The first US ambassador to Libya in three decades arrived in Tripoli today, in a further sign of the two nations' improving ties.

Gene Cretz, a career US diplomat whose foreign postings have included Tel Aviv, Damascus, Cairo, Islamabad, New Delhi, and Beijing, said he would strive to broaden links between Tripoli and Washington.

"I'm happy to be in Libya," he told reporters on his arrival at Tripoli airport, naming business and tourism among his priorities for expanded cooperation.

US-Libyan ties have improved dramatically since Libya's December 2003 decision to abandon the pursuit of weapons of mass destruction and the subsequent resolution of disputes over bombings that Washington long blamed on Libya.
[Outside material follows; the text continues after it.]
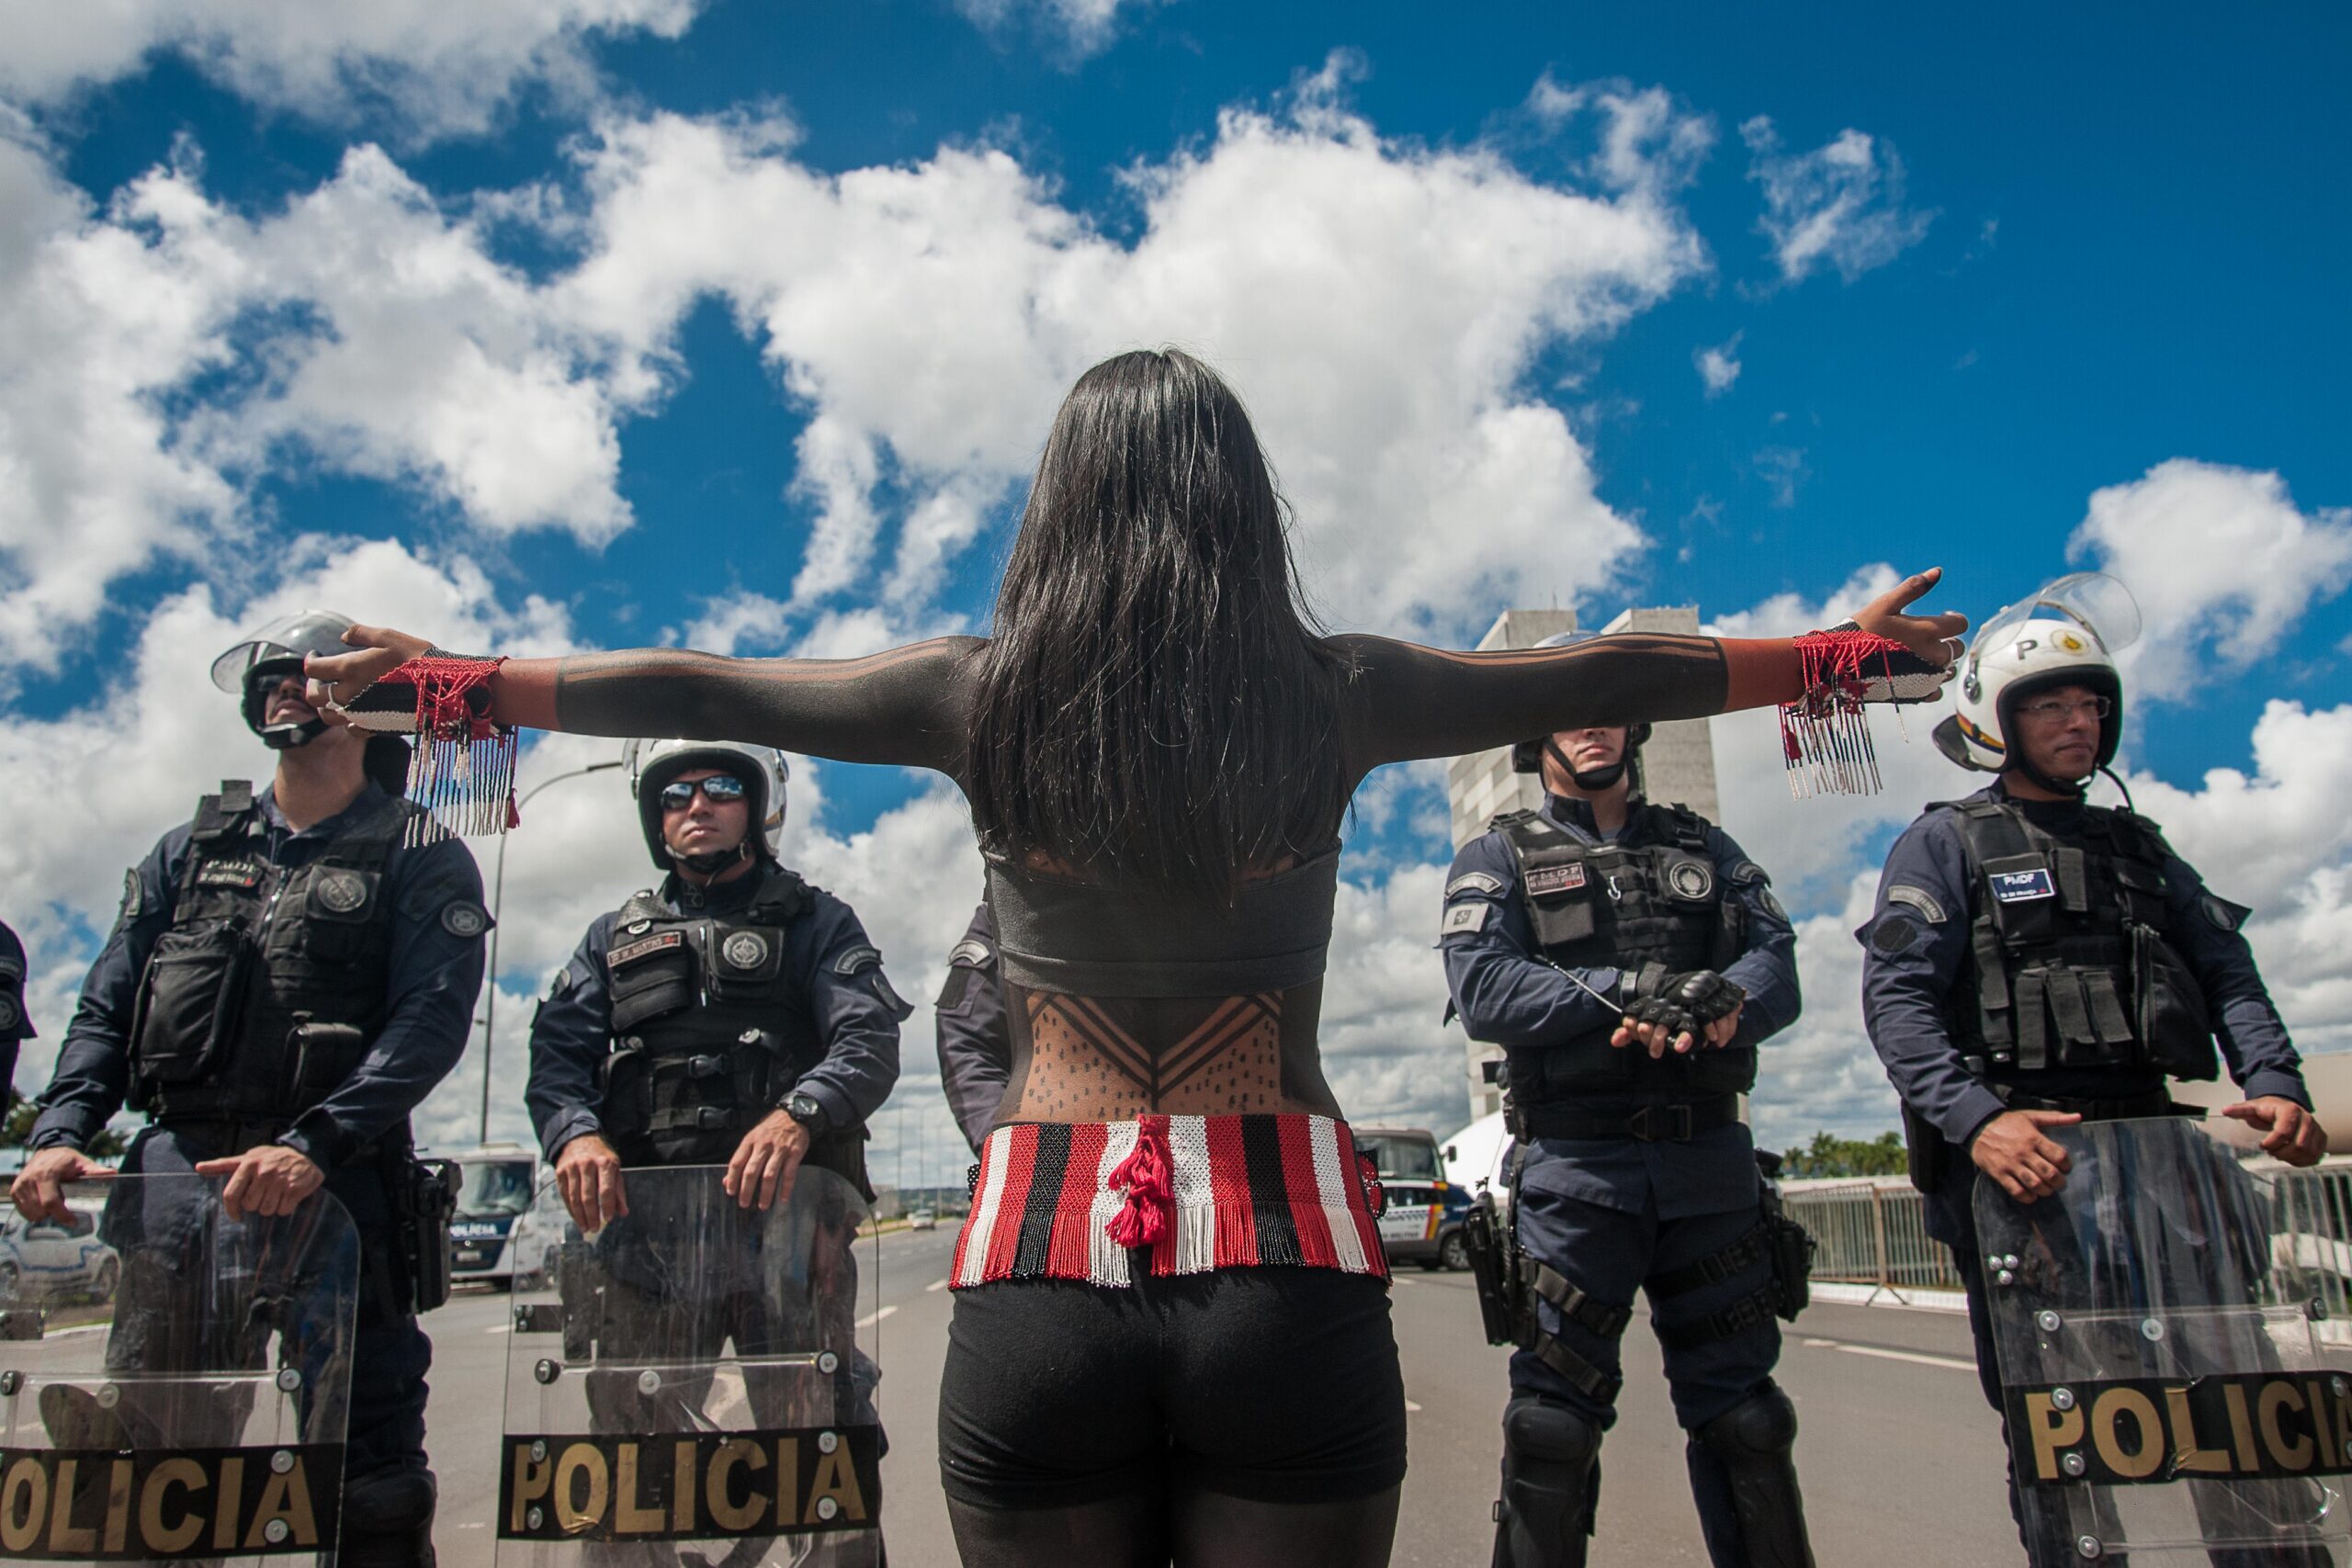 Poiciais militares de Brasília barram indígenas qeu participavam do Acampamento Terra Livre. A marcha seguia em direção ao Supremo Tribunal Federal, onde entregaram carta de reivindicações contra a tese do Marco Temporal.

US officials said the last big obstacle to normal ties was removed when Libya in October paid $1.5 billion into a fund to settle claims by the families of US citizens killed in the 1988 bombing of Pan Am flight 103 over Lockerbie, Scotland, the 1986 attack on a West Berlin disco and other such incidents.

After Libyan leader Muammar Gaddafi seized power in a 1969 coup, US-Libyan ties became increasingly strained because of his support for what the United States regarded as international terrorism.

The United States withdrew its ambassador from Tripoli in 1972 and all US diplomats left after a mob attacked and set fire to the US Embassy in 1979.

The two countries re-opened lower-level missions in each other's capitals in 2004 and upgraded them to full embassies in 2006.